# "falling" minor bridges and sensations.



## crymeandpun (Oct 14, 2012)

Hi all,

This is my first post, even though i'm a long time lurker! Happy to introduce myself :lol:

So, I have recently noticed that I get an insane physical feeling from the "falling" minor bridges in the more fiery classical (and I mean "classical", more conservative and older canon than new the newer, eg Mahler). The best example I could give starts at 11:57 in this third movement of bach's concerto in d minor (I gave a few seconds head start in the link) and then again the incredible build up and crashing minor fall at 12:34s.

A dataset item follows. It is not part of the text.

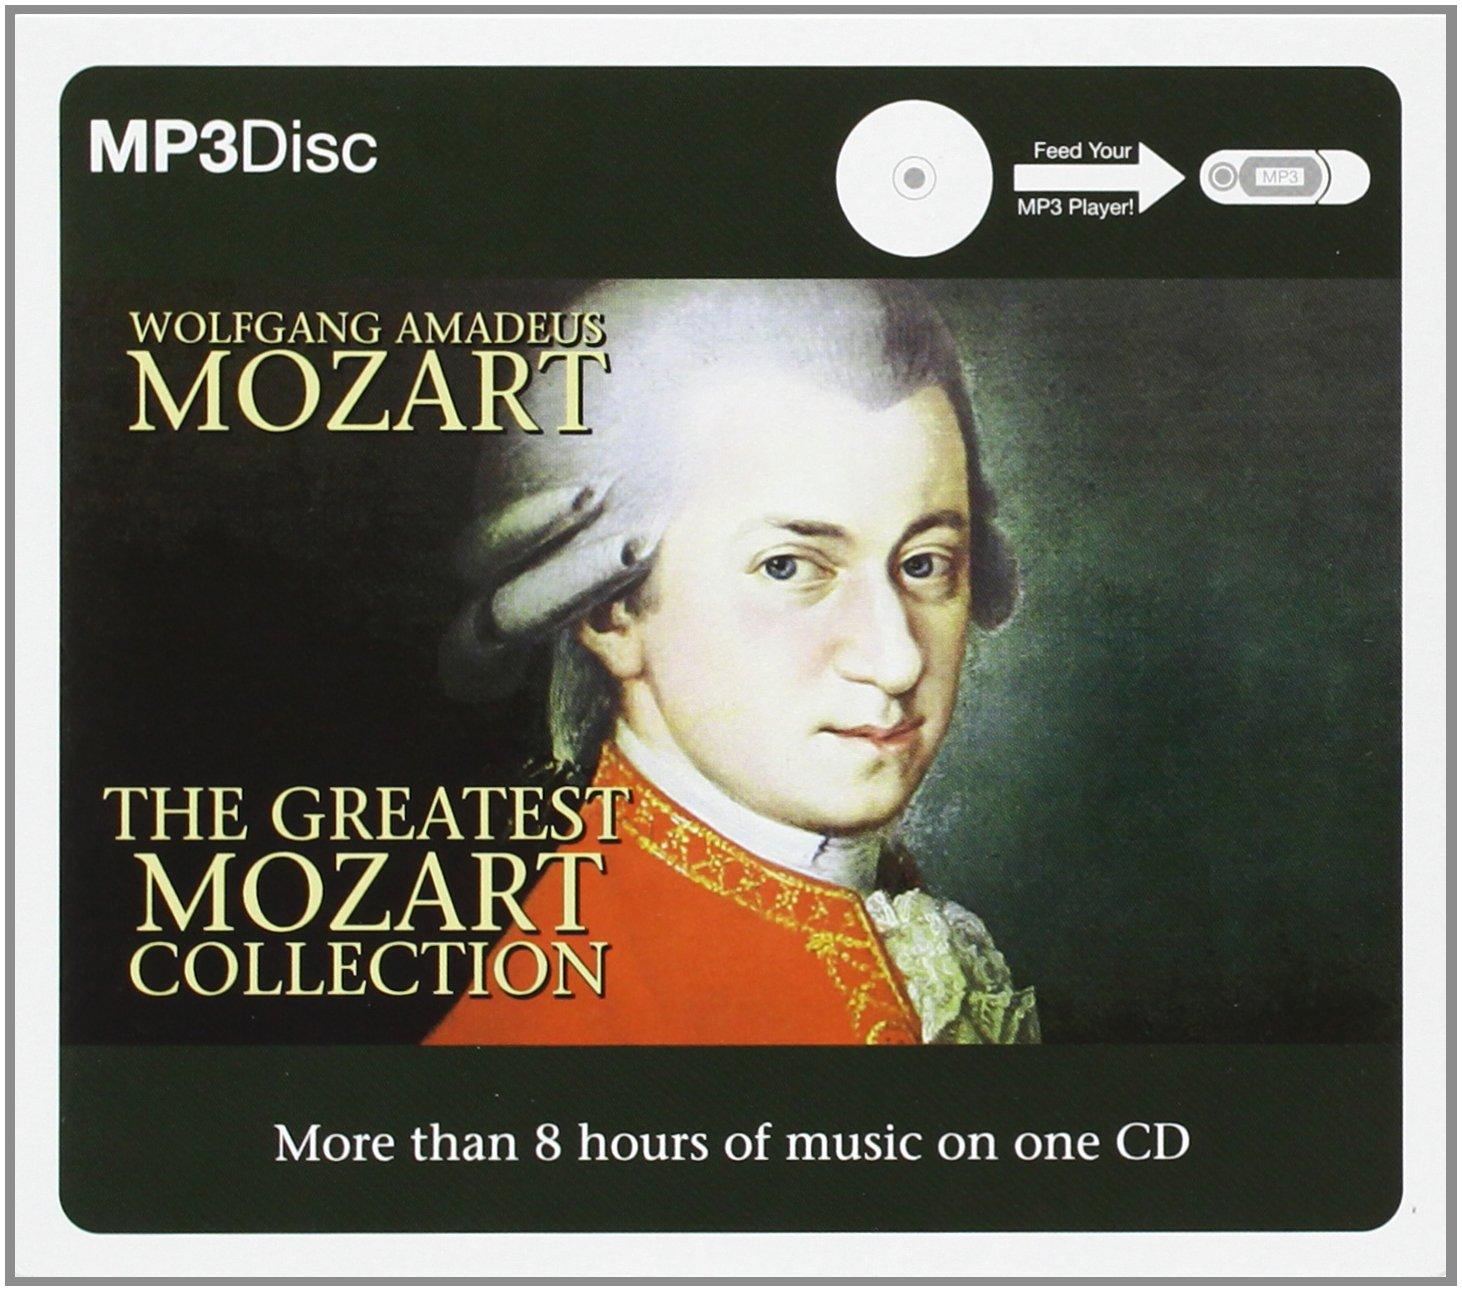 The Greatest Mozart Collection - Various, Wolfgang Amadeus Mozart:  Amazon.de: Musik

I seriously feel like I get chills up and down my back no matter how many times I hear it. Can anyone recommend more classical pieces with that kind of frenetic, falling and 100% minor-key insanity? vivaldi has some parts in 4 seasons that are like that; likewise chopin's etudes. I know I've heard some stuff in mendelssohn like that but don't know where to start looking. i recognize this is a bit broad, but any help will do!


----------



## Norse (May 10, 2010)

Going by your examples, I think you might be talking about use of parts of the circle of fifths, a common devices in transitions (bridges) etc.

Maybe you'll enjoy this movement:

Timecodes doesn't work on embedded links it seems, so skip to 2:54





For a for more interesting, lightning fast performance, try this from 1:35


----------



## crymeandpun (Oct 14, 2012)

That is great!! What about more like this (my greed ) esp with pianos?


----------